At this time, the notes are used git sync The advantage comes out. When you use mcp locally to organize your notes, if an error occurs, you can roll back to the last submitted version at any time!


This 8B can basically only be used for chatting, and in my scenario it is just for show but not for use

Test whether Qwen3-14B's capabilities match the above requirements

Using openrouter qwen3:14b Model testing


It looks good and can return results normally.
But when I want to test the content in depth, it reports insufficient tokens. According to official data,qwen3:14bThe maximum token of the model is128K, 150,000 words, I think this is enough to analyze a note.
But when I tested it, I asked it to read the note content and summarize it, but it prompted that the token exceeded 40k. I don’t know why?

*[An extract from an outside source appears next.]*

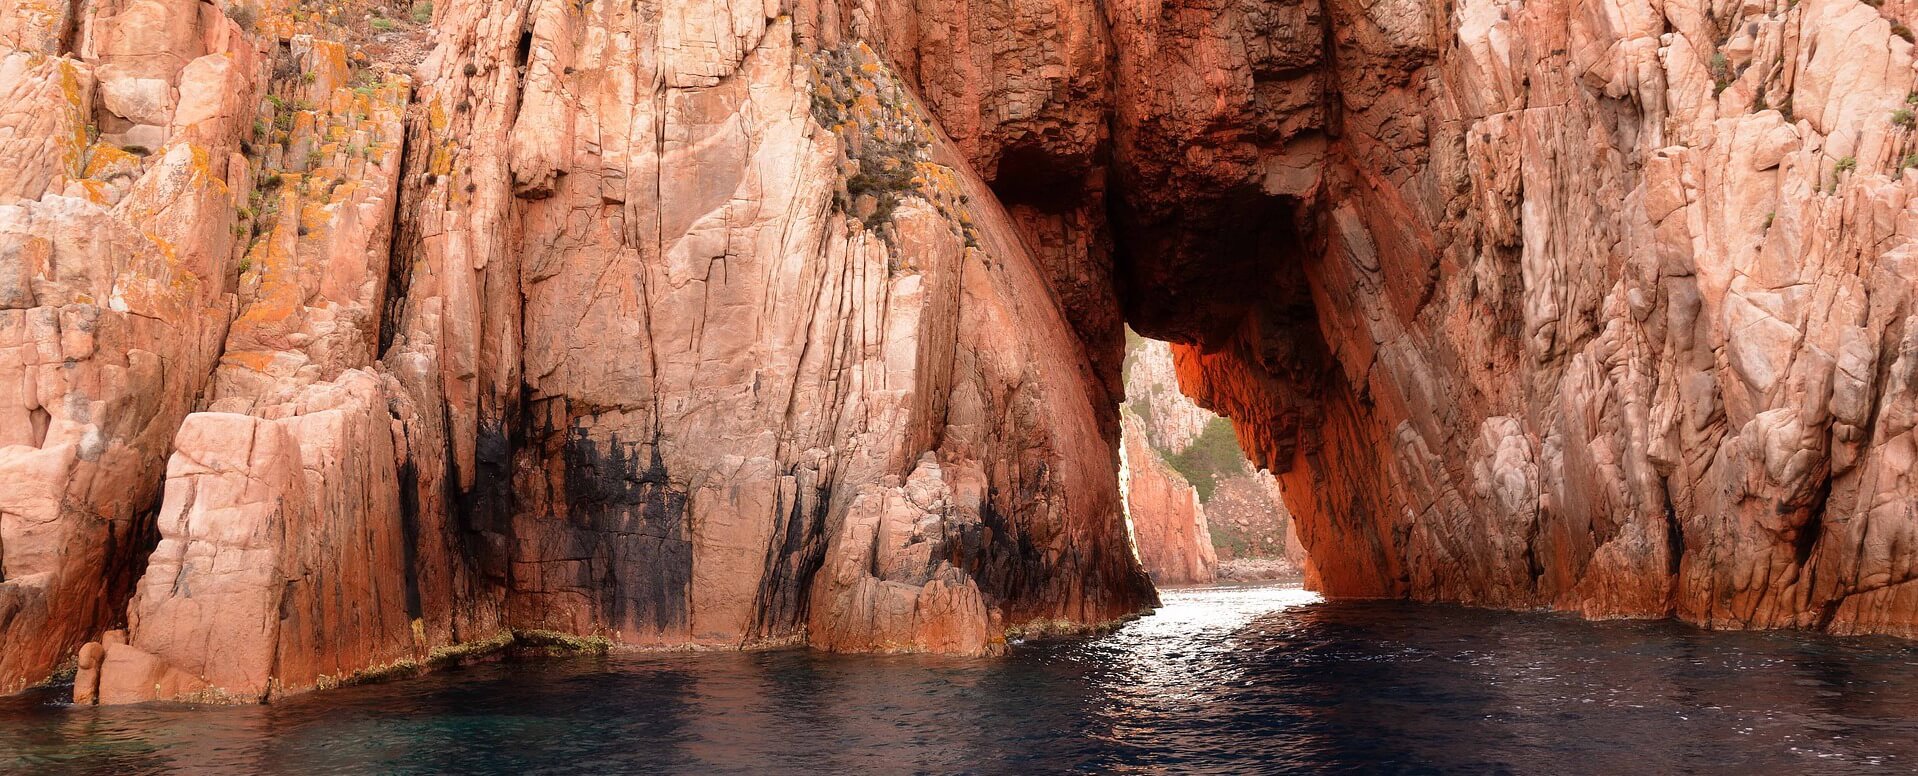 Découvrez les plus beaux espaces naturels en Corse - Corse
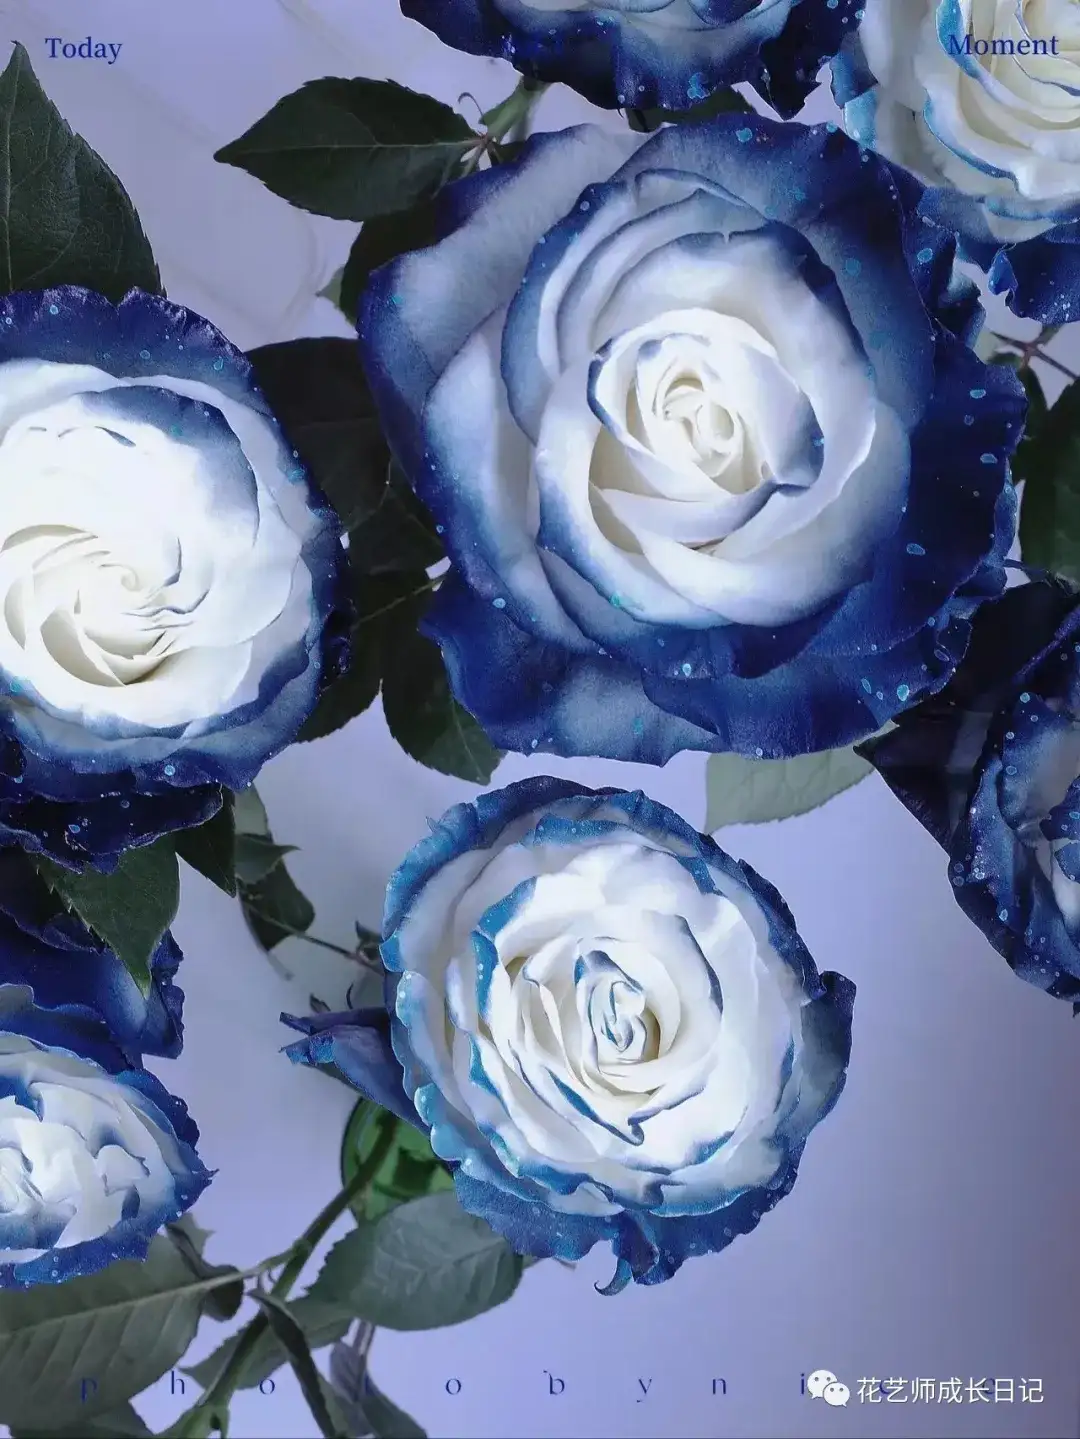 100朵玫瑰vol.56 | 厄瓜多尔银河玫瑰milky way，在浪漫宇宙中盛放的蓝玫瑰！ - 知乎

It is clear from this error message that the
current context limit of the model is : 40960 tokens ➤ Exceeded.

I think it is a limitation of openRouter's own deployment. qwen3-demo:

https://huggingface.co/spaces/Qwen/Qwen3-Demo

After testing, the same text can be summarized normally, and 128k tokens are enough. It seems that 8B, 14B, and 32B can still be used locally.

in conclusion

The knowledge base interaction test using Qwen3 and Obsidian-MCP concluded that:

Version 4B : Quantization compression leads to aphasia

  • • The tool call capability is completely lost, facing clear obsidian_get_recent_changes Indifferent to instructions
  • • The token capacity is 32K, so long sessions may be difficult to process completely

Version 8B : Seemingly useful but actually dangerous

  • • Although the tool call can be recognized, the returned file path has a high error rate;
  • • Appears when the content is summarized Hallucination Rewrite, the note name will be modified;
  • • If the MCP API is accidentally deleted and there is no git backup, it will be more dangerous

Version 14B+ : Really Fragrance Warning

  • • 128K token capacity perfectly adapts to the knowledge base scenario, and accurately calls the Obsidian API during testing
  • • However, local deployment requires 16G video memory, which is prohibitive for most NAS users

Before my 16G graphics card arrives, I have to pay attention to privacy protection. I first use the cloud-based large model + MCP to read the non-sensitive data directory as the context for questions and answers.

After all, to be a technology master, you must understand Finding the optimal solution within realistic constraints.